Embodiments of the methods and systems are described below with reference to block diagrams and flowchart illustrations of methods, systems, apparatuses, and computer program products. It will be understood that each block of the block diagrams and flowchart illustrations, and combinations of blocks in the block diagrams and flowchart illustrations, respectively, may be implemented by computer program instructions. These computer program instructions may be loaded on a general-purpose computer, special-purpose computer, or other programmable data processing apparatus to produce a machine, such that the instructions which execute on the computer or other programmable data processing apparatus create a means for implementing the functions specified in the flowchart block or blocks.

These computer program instructions may also be stored in a computer-readable memory that may direct a computer or other programmable data processing apparatus to function in a particular manner, such that the instructions stored in the computer-readable memory produce an article of manufacture including computer-readable instructions for implementing the function specified in the flowchart block or blocks. The computer program instructions may also be loaded onto a computer or other programmable data processing apparatus to cause a series of operational steps to be performed on the computer or other programmable apparatus to produce a computer-implemented process such that the instructions that execute on the computer or other programmable apparatus provide steps for implementing the functions specified in the flowchart block or blocks.

The various features and processes described above may be used independently of one another or may be combined in various ways. All possible combinations and sub-combinations are intended to fall within the scope of this disclosure. In addition, certain methods or process blocks may be omitted in some implementations. The methods and processes described herein are also not limited to any particular sequence, and the blocks or states relating thereto may be performed in other sequences that are appropriate. For example, described blocks or states may be performed in an order other than that specifically described, or multiple blocks or states may be combined in a single block or state. The example blocks or states may be performed in serial, in parallel, or in some other manner. Blocks or states may be added to or removed from the described example embodiments. The example systems and components described herein may be configured differently than described. For example, elements may be added to, removed from, or rearranged compared to the described example embodiments.

It will also be appreciated that various items are illustrated as being stored in memory or on storage while being used, and that these items or portions thereof may be transferred between memory and other storage devices for purposes of memory management and data integrity. Alternatively, in other embodiments, some or all of the software modules and/or systems may execute in memory on another device and communicate with the illustrated computing systems via inter-computer communication. Furthermore, in some embodiments, some or all of the systems and/or modules may be implemented or provided in other ways, such as at least partially in firmware and/or hardware, including, but not limited to, one or more application-specific integrated circuits (“ASICs”), standard integrated circuits, controllers (e.g., by executing appropriate instructions, and including microcontrollers and/or embedded controllers), field-programmable gate arrays (“FPGAs”), complex programmable logic devices (“CPLDs”), etc. Some or all of the modules, systems, and data structures may also be stored (e.g., as software instructions or structured data) on a computer-readable medium, such as a hard disk, a memory, a network, or a portable media article to be read by an appropriate device or via an appropriate connection. The systems, modules, and data structures may also be transmitted as generated data signals (e.g., as part of a carrier wave or other analog or digital propagated signal) on a variety of computer-readable transmission media, including wireless-based and wired/cable-based media, and may take a variety of forms (e.g., as part of a single or multiplexed analog signal, or as multiple discrete digital packets or frames). Such computer program products may also take other forms in other embodiments. Accordingly, the present invention may be practiced with other computer system configurations.
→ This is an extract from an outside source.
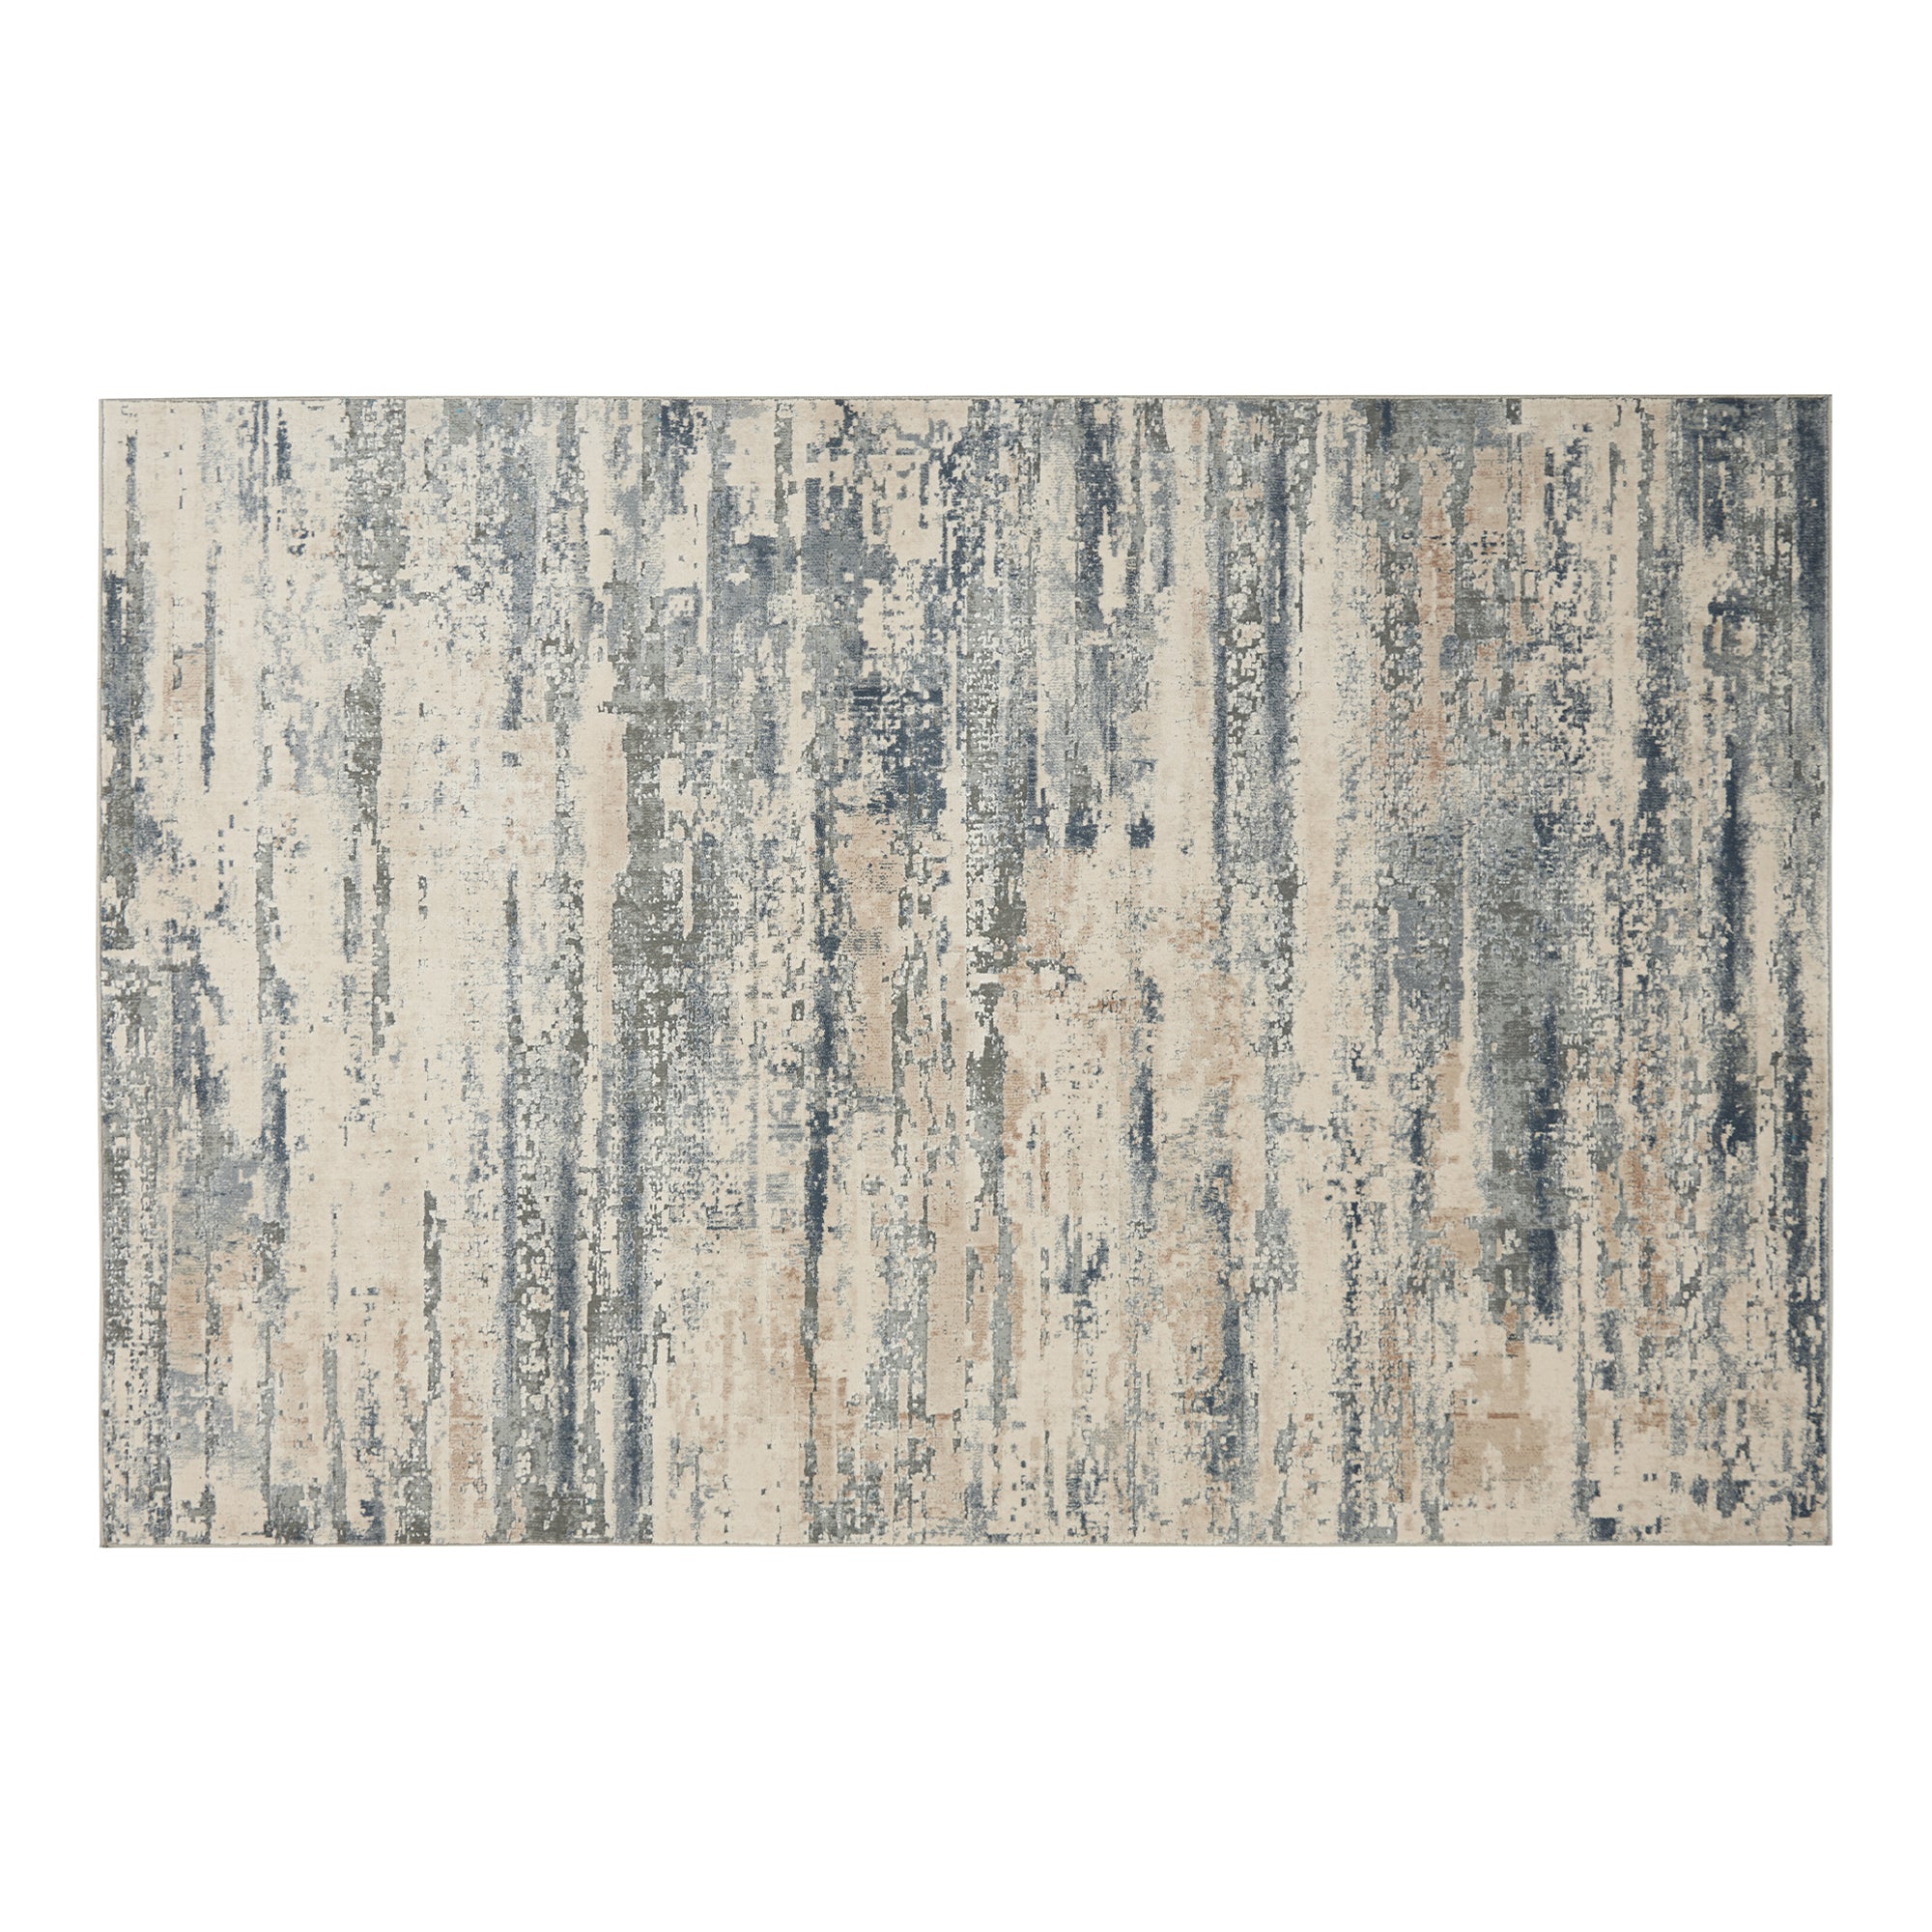 Rustic Textures - Rug RUS04 Beige/Grey 120cm x 180cm

While the methods and systems have been described in connection with preferred embodiments and specific examples, it is not intended that the scope be limited to the particular embodiments set forth, as the embodiments herein are intended in all respects to be illustrative rather than restrictive.

Unless otherwise expressly stated, it is in no way intended that any method set forth herein be construed as requiring that its operations be performed in a specific order. Accordingly, where a method claim does not actually recite an order to be followed by its operations or it is not otherwise specifically stated in the claims or descriptions that the operations are to be limited to a specific order, it is no way intended that an order be inferred, in any respect. This holds for any possible non-express basis for interpretation, including: matters of logic with respect to arrangement of steps or operational flow; plain meaning derived from grammatical organization or punctuation; and the number or type of embodiments described in the specification.

It will be apparent to those skilled in the art that various modifications and variations may be made without departing from the scope or spirit of the present disclosure. Other embodiments will be apparent to those skilled in the art from consideration of the specification and practices described herein. It is intended that the specification and example figures be considered as exemplary only, with a true scope and spirit being indicated by the following claim.

Claims

1. A method of balancing classification accuracy and fairness of a model trained to perform classification tasks, comprising:

configuring at least one bias score function corresponding to each sensitive attribute associated with instances classified by the model, wherein the at least one bias score function is configured to measure fairness on an instance level;

generating at least one modification rule based on the at least one bias score function and parameters, wherein the at least one modification rule corresponds to at least one fairness criterion, and wherein the parameters are associated with a target level of the at least one fairness criterion; and

modifying at least a subset of predictions generated by the model by applying the at least one modification rule to the predictions, wherein the modified predictions satisfy the target level of the at least one fairness criterion while maintaining the classification accuracy.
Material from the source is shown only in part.